With a late-stage win in hand, Sweden’s Hansa Biopharma is one step closer to bringing its kidney transplant drug to the U.S.
Thursday, the company reported positive top-line results from a U.S. phase 3 trial of its antibody-cleaving enzyme imlifidase, which boasts conditional nods in the EU and several other countries to ease the kidney transplant process for certain patients with end-stage renal disease.
Kidney transplantation is preferred over dialysis for patients in that stage of disease, but the waitlist for an organ match in the U.S. is long and growing each year, executives at Hansa said on a call with analysts Thursday. Additionally, highly sensitized patients have even more difficulty finding a kidney match, due to their bodies producing high levels of antibodies that are meant to attack foreign tissues.
In turn, Hansa has developed imlifidase to rapidly cleave Immunoglobulin G (IgG) antibodies and inhibit their activity within hours, theorizing that the suppressed IgG activity might prevent those patients’ bodies from fighting back against a donor organ.
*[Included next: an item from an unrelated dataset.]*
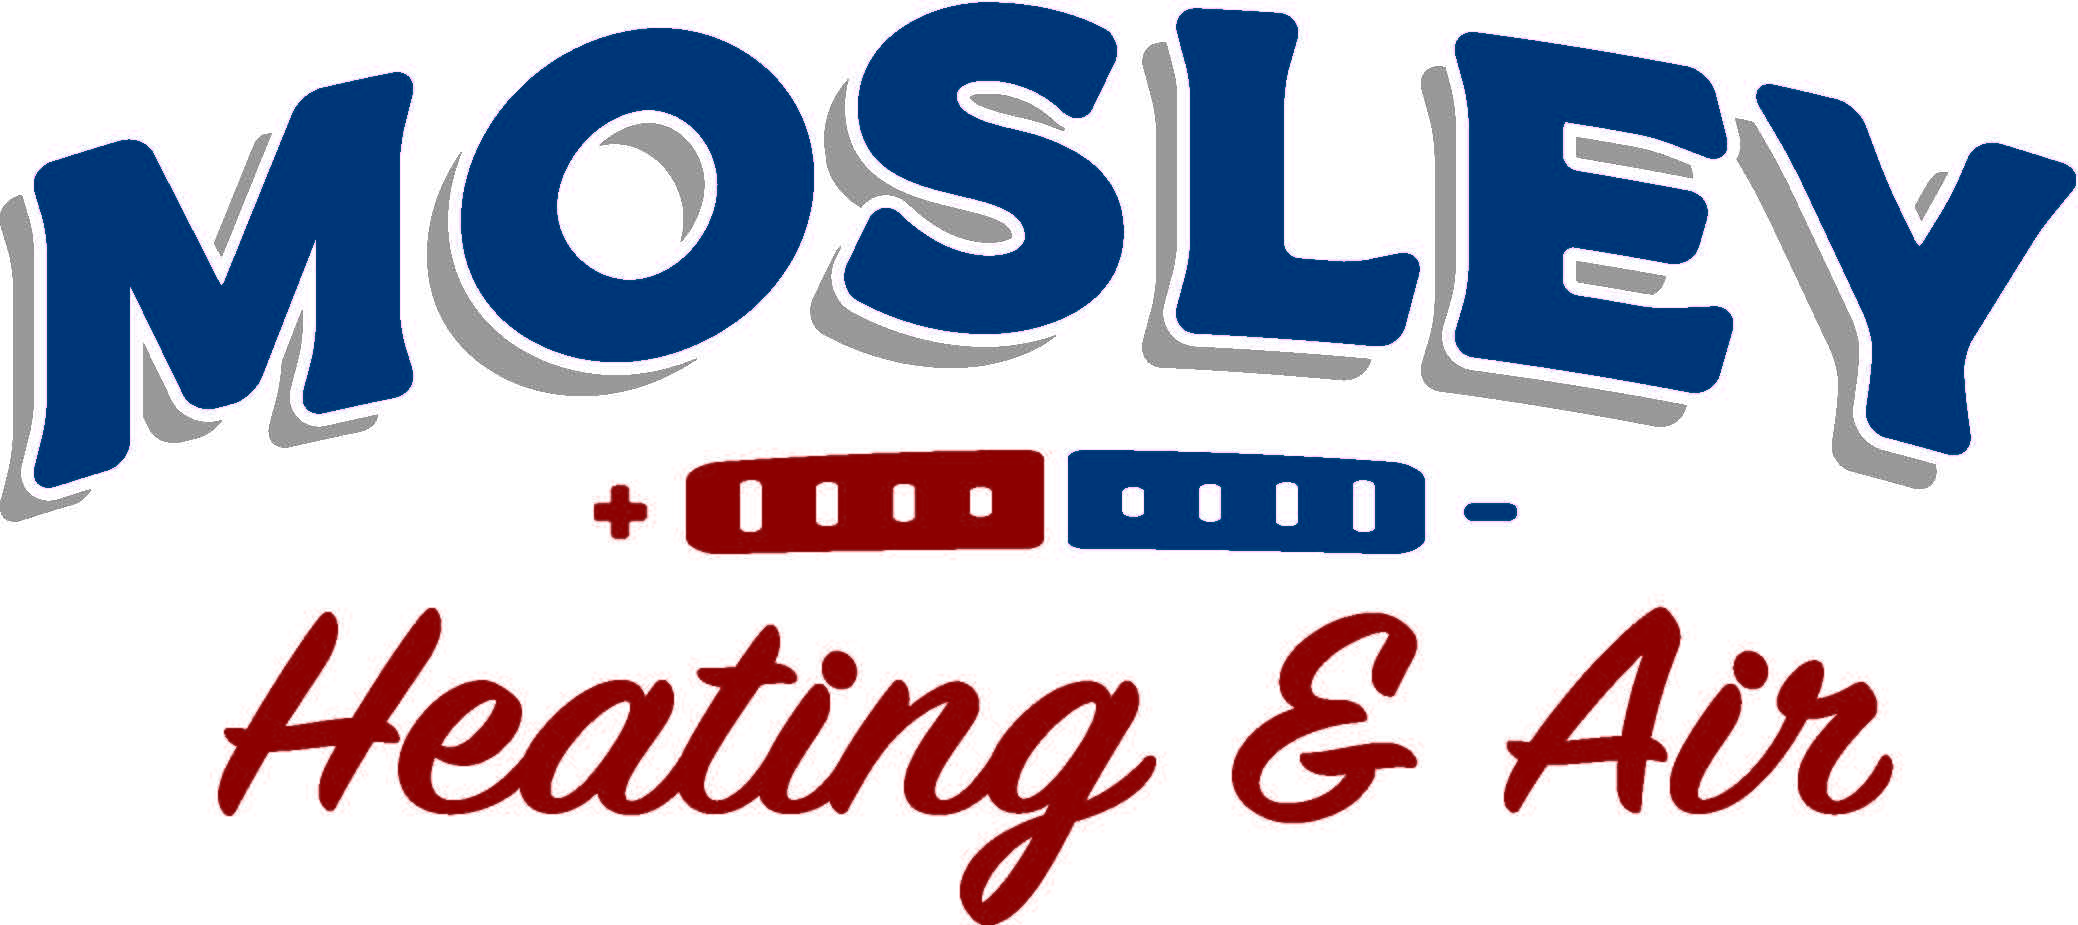 Mosley-Heating Air Gala2021

Hansa’s phase 3 study evaluated kidney function over a year in highly sensitized patients who received either imlifidase prior to their transplant or a range of control treatment options. The efficacy of Hansa’s candidate was assessed using the estimated glomerular filtration rate (eGFR) measure, the company’s chief medical officer, Richard Philipson, M.D., said on Thursday’s call.
Those in the control arm received care options such as remaining on dialysis while awaiting a more compatible organ offer, transplantation using off-label desensitization approaches or transplantation with a compatible organ, Hansa noted in a press release.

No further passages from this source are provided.